Go学习笔记(十一):编写⾼性能的Go程序
2020-05-13 13:11:55别让性能被“锁”住
我们来看一段代码
var cache map[string]string
const NUM_OF_READER int = 40
const READ_TIMES = 100000
func init() {
cache = make(map[string]string)
cache["a"] = "aa"
cache["b"] = "bb"
}
func lockFreeAccess() {
var wg sync.WaitGroup
wg.Add(NUM_OF_READER)
for i := 0; i < NUM_OF_READER; i++ {
go func() {
for j := 0; j < READ_TIMES; j++ {
_, err := cache["a"]
if !err {
fmt.Println("Nothing")
}
}
wg.Done()
}()
}
wg.Wait()
}
func lockAccess() {
var wg sync.WaitGroup
wg.Add(NUM_OF_READER)
m := new(sync.RWMutex)
for i := 0; i < NUM_OF_READER; i++ {
go func() {
for j := 0; j < READ_TIMES; j++ {
m.RLock()
_, err := cache["a"]
if !err {
fmt.Println("Nothing")
}
m.RUnlock()
}
wg.Done()
}()
}
wg.Wait()
}
这段程序一个没有锁,一个有锁。我们看一下测试结果
func BenchmarkLockFree(b *testing.B) {
b.ResetTimer()
for i := 0; i < b.N; i++ {
lockFreeAccess()
}
}
//169 6618595 ns/op 77 B/op 1 allocs/op
func BenchmarkLock(b *testing.B) {
b.ResetTimer()
for i := 0; i < b.N; i++ {
lockAccess()
}
}
//8 160448100 ns/op 10033 B/op 27 allocs/op
从结果我们可以看到LockFree要比Lock快了2个数量级。
上面例子之所以使用RWLock是因为go语言内置的map是非协程安全的,我们需要加锁了保证协程安全。

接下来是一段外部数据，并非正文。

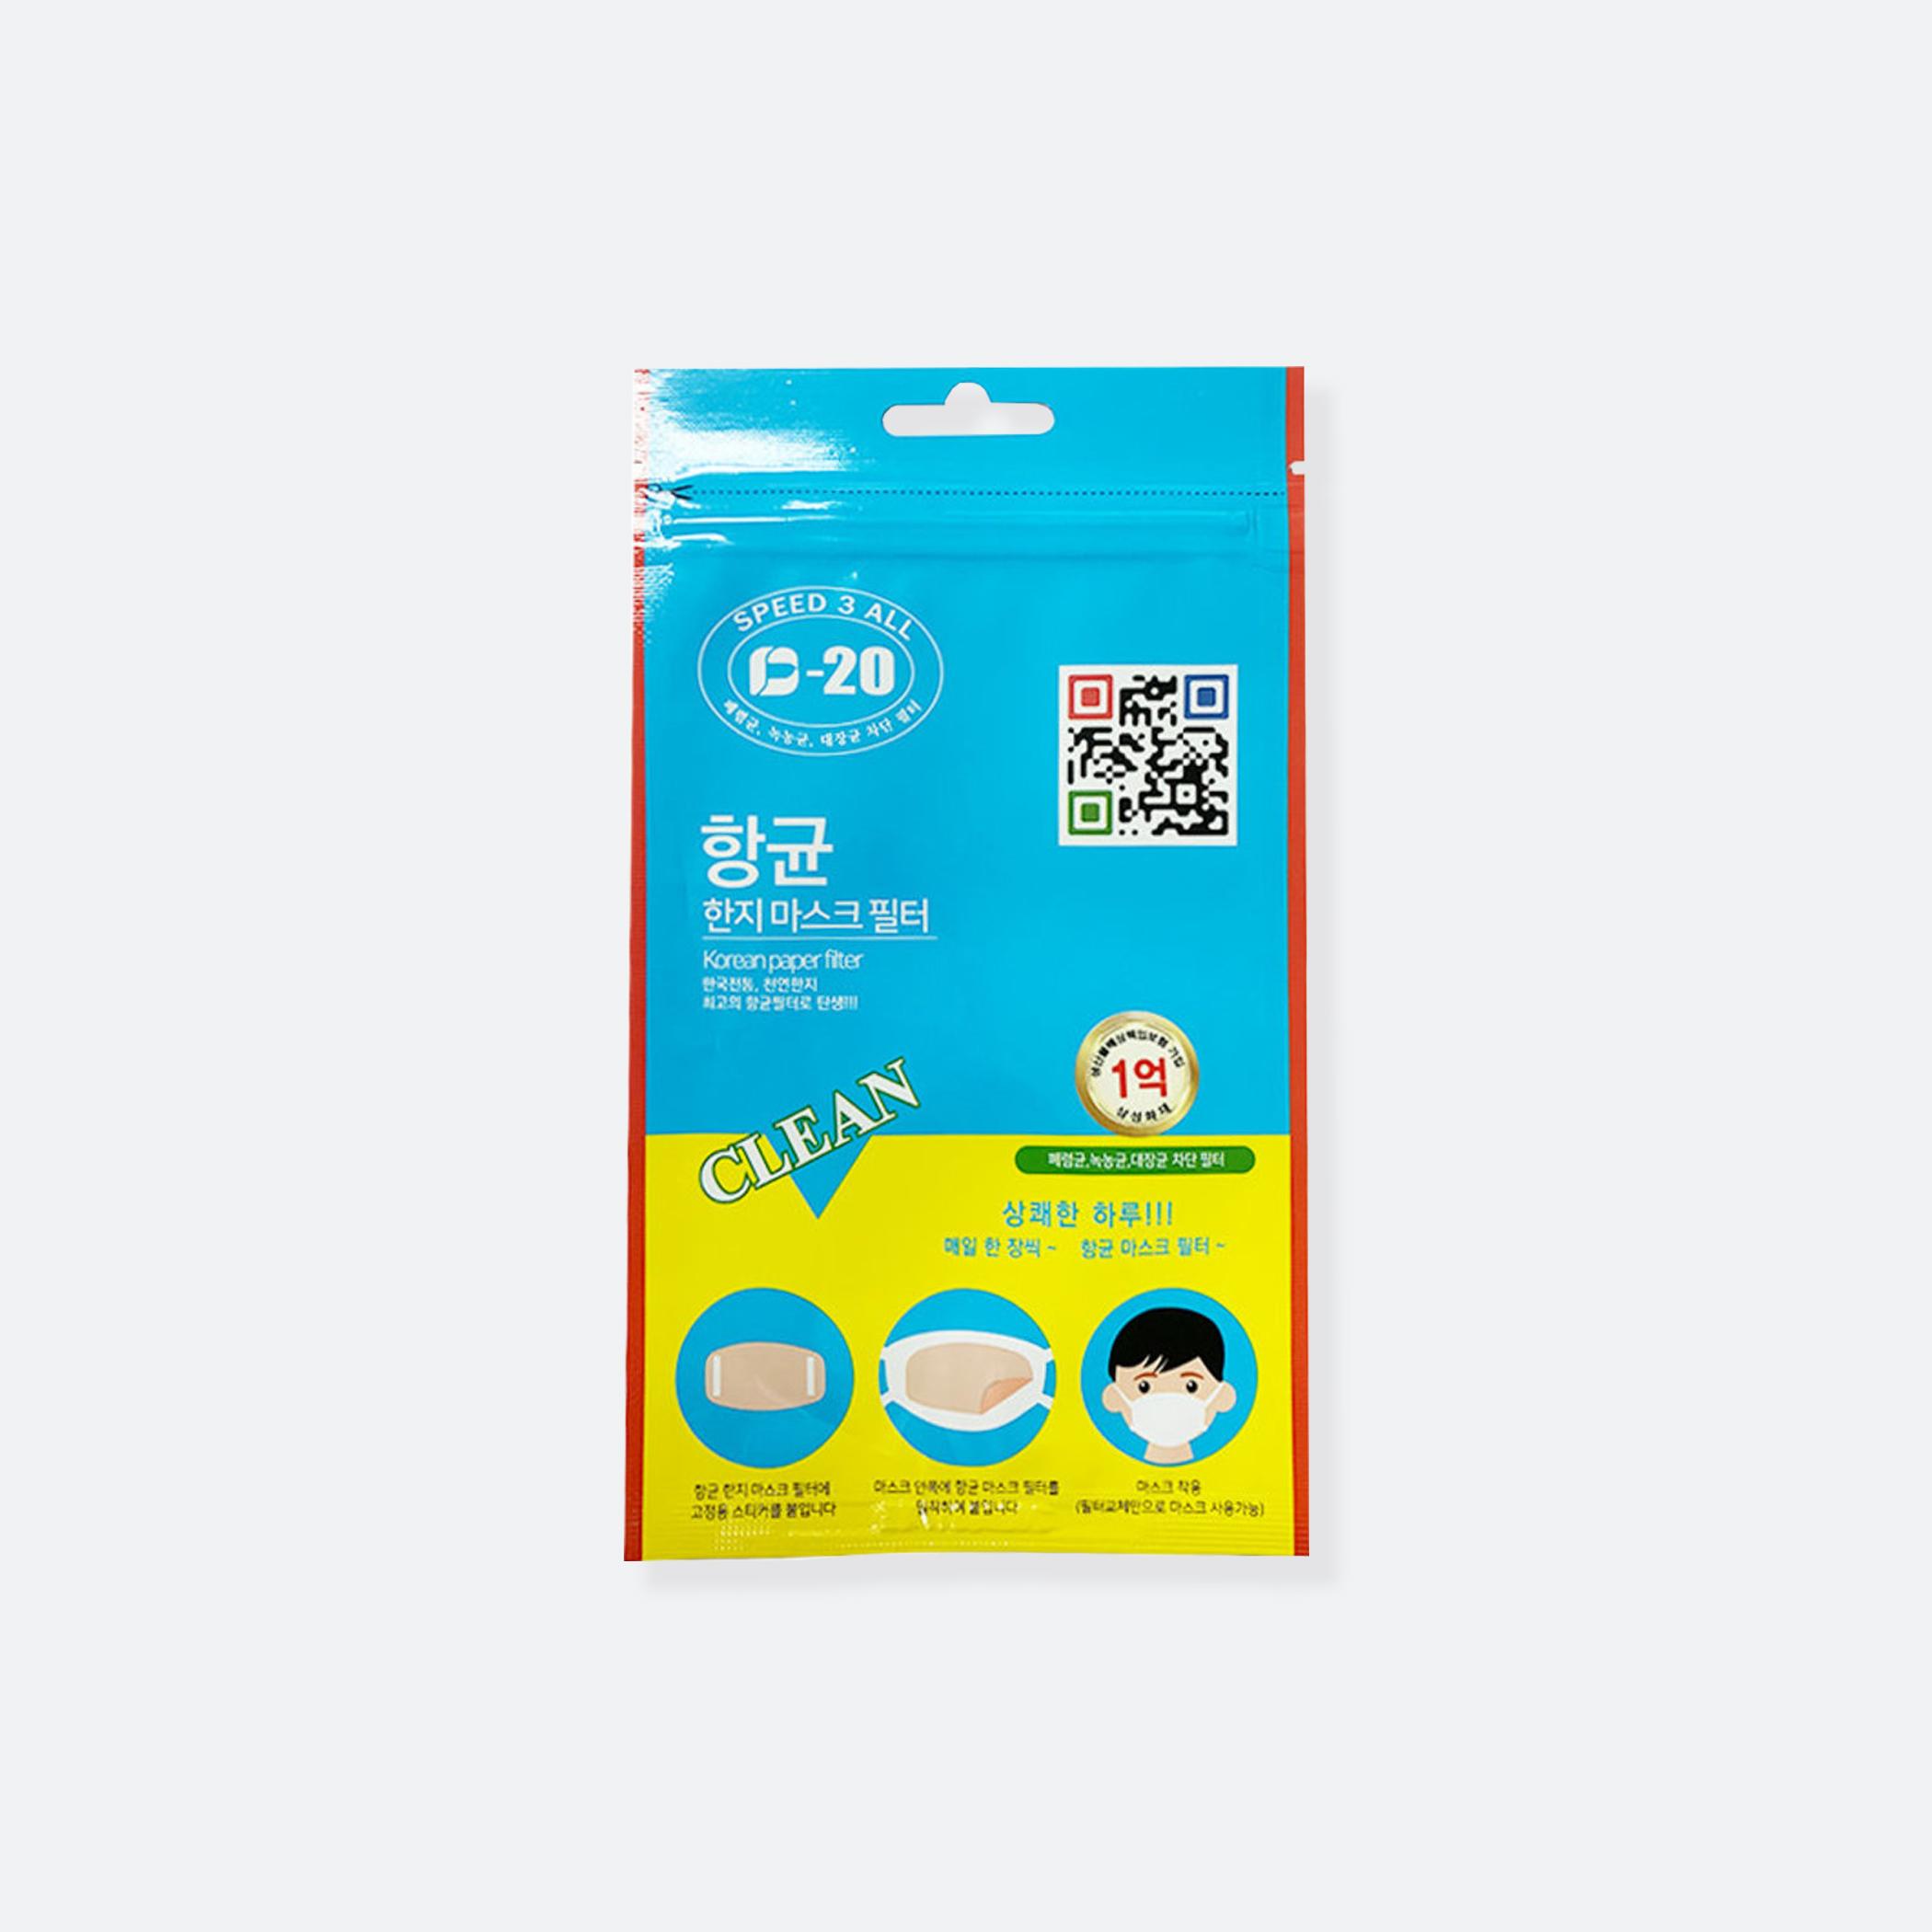 OhMart D20 Korean Paper Mask Filter (10piece) 2

而对map加锁对性能影响很大,go语言给我们提供了sync.Map,它是一个协程安全的map。
sync.Map
- 适合读多写少,且 Key 相对稳定的环境
- 采⽤了空间换时间的⽅案,并且采⽤指针的⽅式间接实现值的映射,所以存储空间会较 built-in map ⼤
https://my.oschina.net/qiangmzsx/blog/1827059
Concurrent Map
- 适⽤于读写都很频繁的情况
https://github.com/easierway/concurrent_map
各种map的测试
1.定义Map接口
type Map interface {
Set(key interface{}, val interface{})
Get(key interface{}) (interface{}, bool)
Del(key interface{})
}
2.rw_map实现
type RWLockMap struct {
m map[interface{}]interface{}
lock sync.RWMutex
}
func (m *RWLockMap) Get(key interface{}) (interface{}, bool) {
m.lock.RLock()
v, ok := m.m[key]
m.lock.RUnlock()
return v, ok
}
func (m *RWLockMap) Set(key interface{}, value interface{}) {
m.lock.Lock()
m.m[key] = value
m.lock.Unlock()
}
func (m *RWLockMap) Del(key interface{}) {
m.lock.Lock()
delete(m.m, key)
m.lock.Unlock()
}
func CreateRWLockMap() *RWLockMap {
m := make(map[interface{}]interface{}, 0)
return &RWLockMap{m: m}
}
3.sync_map实现
func CreateSyncMapBenchmarkAdapter() *SyncMapBenchmarkAdapter {
return &SyncMapBenchmarkAdapter{}
}
type SyncMapBenchmarkAdapter struct {
m sync.Map
}
func (m *SyncMapBenchmarkAdapter) Set(key interface{}, val interface{}) {
m.m.Store(key, val)
}
func (m *SyncMapBenchmarkAdapter) Get(key interface{}) (interface{}, bool) {
return m.m.Load(key)
}
func (m *SyncMapBenchmarkAdapter) Del(key interface{}) {
m.m.Delete(key)
}
4.concurrent_map实现
import "github.com/easierway/concurrent_map"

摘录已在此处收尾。